Tim White, PhD, LPC, NCC offers advice on family planning and parenting, LGBT issues, disability issues, education and work issues, relationships, ethics and "unusual" social issues. Send questions to Tim for future columns through his website.
I am a single mum, 30’s, raising a 14 year old boy who’s well behaved and makes good grades. For the past 2 years, he’s also been an elevator enthusiast, meaning people who ride all types of lifts round-trip, document or videotape the experience and then share later online with like-minded people. He has a good friend, a girl who shares this passion and somehow they managed to find each other in this big world. Now they explore the city in their free time, always collecting lifts. I try to be cheery about his hobby, watch his videos and thumb through his massive scrapbook with him, but his fascination does not seem to be waning and I’m wondering if this is normal? — Let Me Off Here
Hi Let Me Off Here,
You must surely be grateful that your little darling did not become an Urban Explorer or a Chernobyl Stalker. Elevator enthusiasts have become a full-fledged subculture through online videos, and there are thousands out there to watch. The movement even inspired a documentary titled Elevated: An Uplifting Community (2011). Apparently, these folks have a keen appreciation for every detail of the machines: buttons, lights, doors, décor and views. We would likely not question a stamp collector or model vehicle enthusiast, and certainly not the avid birdwatcher. They do no harm by celebrating the craftsmanship and iconic functionality of these vertical transporters; you really have to admire this quirky community for pursuing what they truly enjoy.
Torn Over Telling
I think my best friend’s Dad is cheating on his wife. I am an intern at the office where my friend’s father works. He is very close to his female coworker, and she calls him her "work husband." They go to lunch together a lot. I have heard about and witnessed this, and recently I found out they have gone to a spa on their lunch hours and gotten massages together! As far as any of us can tell, they go to their respective homes separately, but they could easily be meeting somewhere so of course we are expecting to catch them leaving together. Should I mention something to my friend so that she can talk to him? — Torn Over Telling
Hi Torn Over Telling,
There is nothing to tell your friend. You all have seen nothing other than a couple of coworkers getting on like peas and carrots, joking and — gasp — eating and heard about them getting individual rubdowns. Typically, spa patrons do not massage each other! Whoever else is included in “us,” meaning the office gawkers who gather to track every movement of these seemingly innocent coworkers, you must call a Meeting of the Snoops immediately, and henceforth disengage from one another. Get back to work!

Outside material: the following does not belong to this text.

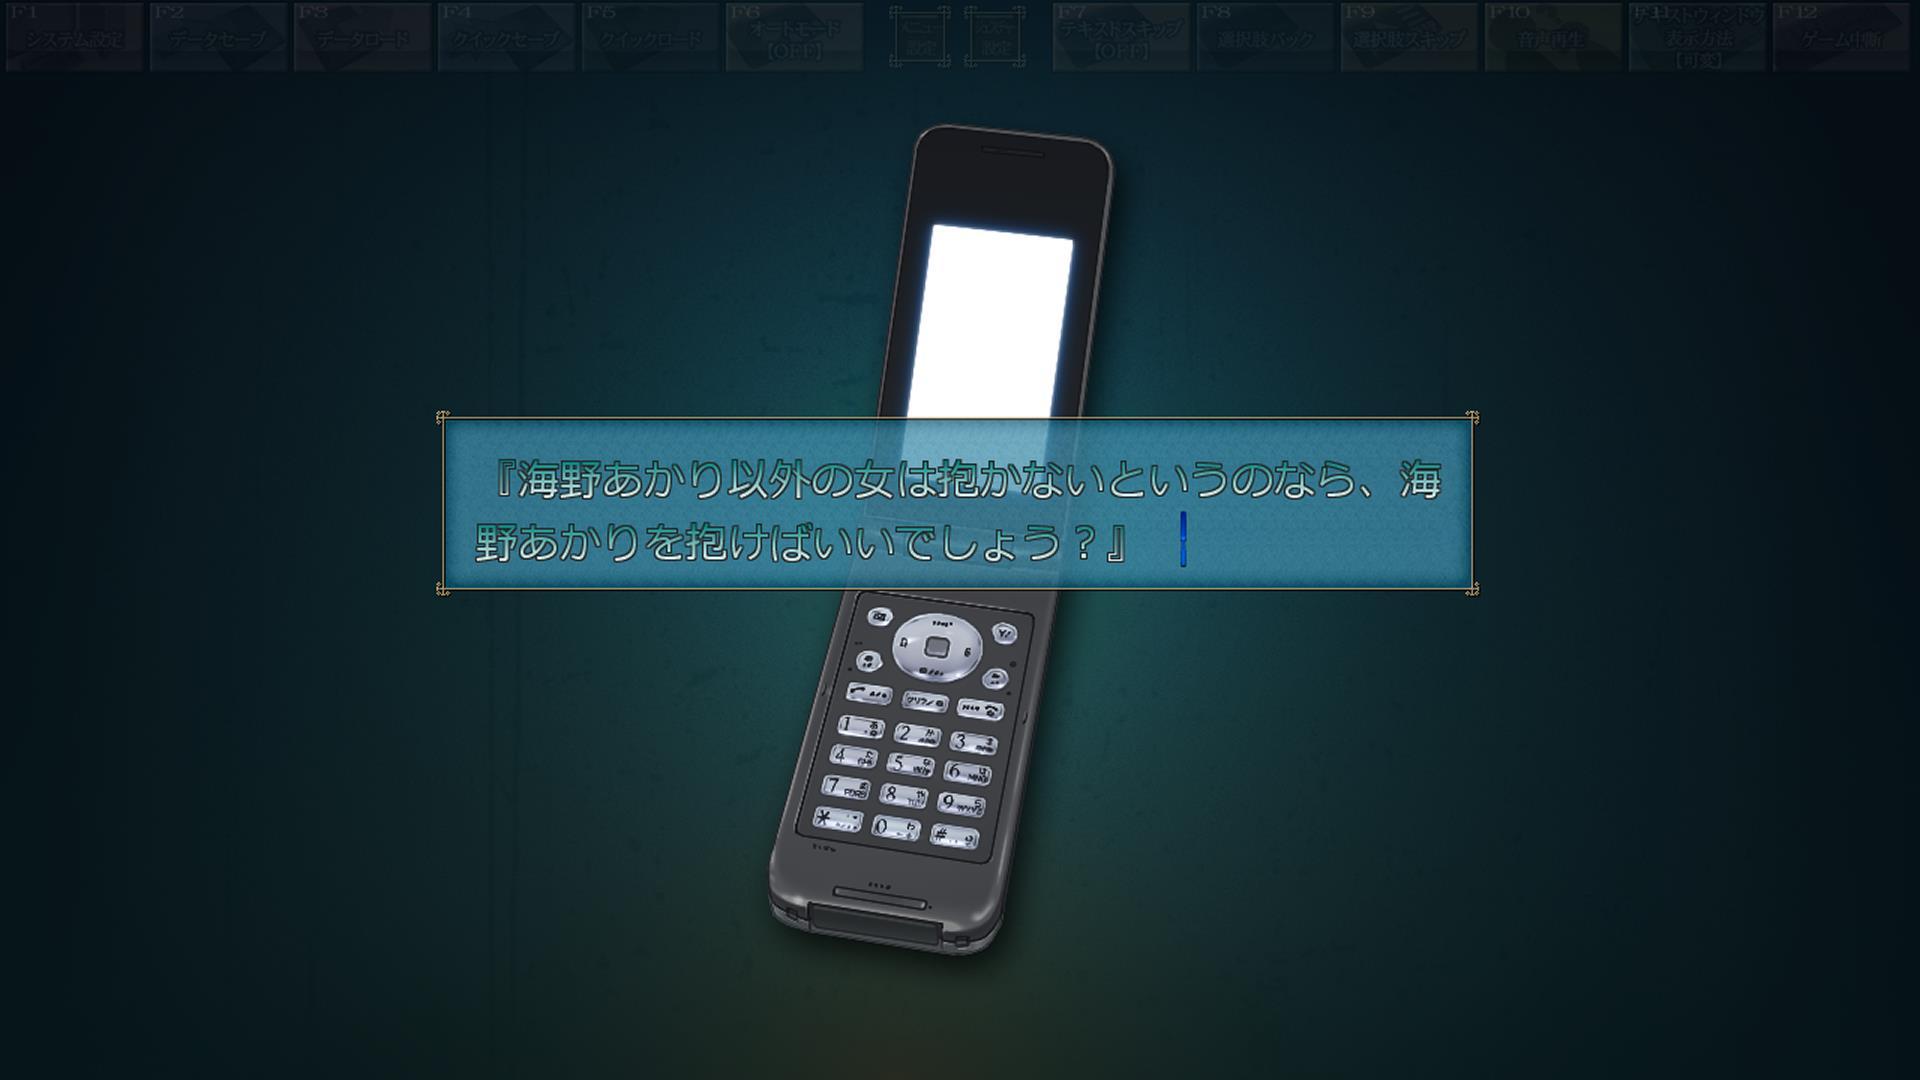 screeenshot-20200729203834487.jpg
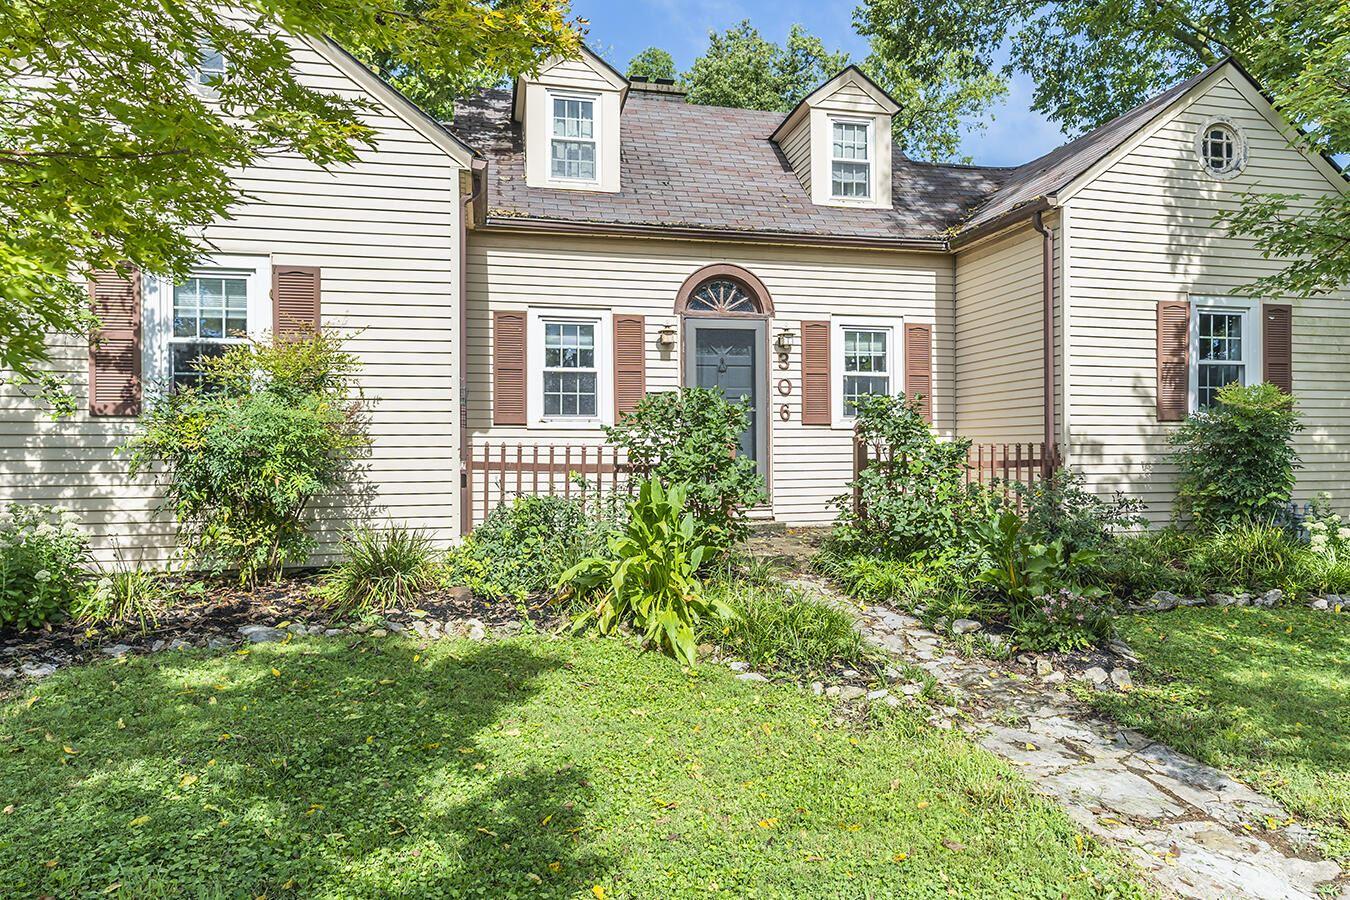 306 South 3rd, Richmond, KY 40475 - MLS#: 20120205

I’m a woman, 29 years old, married for 4 years and I blew my very healthy co-diet of 46 days with my husband. He was out of town for work that week, I had a very stressful work deadline, very little sleep, and I just went crazy with take-out and ice cream and "treated myself" for meeting the deadline. My husband would never understand and would be so critical, shame me for cheating and never let me forget it. I was back on track the next day and never told him. Thankfully, there is no way to find out what happened because I paid cash for everything. But technically, I cheated and I should own up to it, or what kind of partner am I? — Stuffed Piggy
Hi Stuffed Piggy,
A better question is, "What kind of partner is he?" The kind who shames his spouse for the most minor mistakes, and reviews her receipts? Forty-six days of success and a rapid return to restraint ought not to be erased by one indiscretion. Your mini binge is hardly shame-worthy, and you are an autonomous adult. Dieting is ultimately personal, and just because your husband has committed to being your partner in diet as well as life, that should not mean you must report every single calorie. I hope you decide to congratulate yourself for the progress you made and let this trifle go, which is what he had better do if you still feel obliged to tell him.
Editor’s Note: The opinions offered in this blog are the author's alone. Tim White, and any experts he may consult and/or quote in responses to letters, will never provide medical or psychological advice, diagnoses, treatment or counseling of any kind. General advice, opinions and suggestions may be offered with no obligation on the part of readers to accept or act upon the content published within this column. Anyone in immediate crisis and/or mental/physical distress should call 911 or related resources of assistance.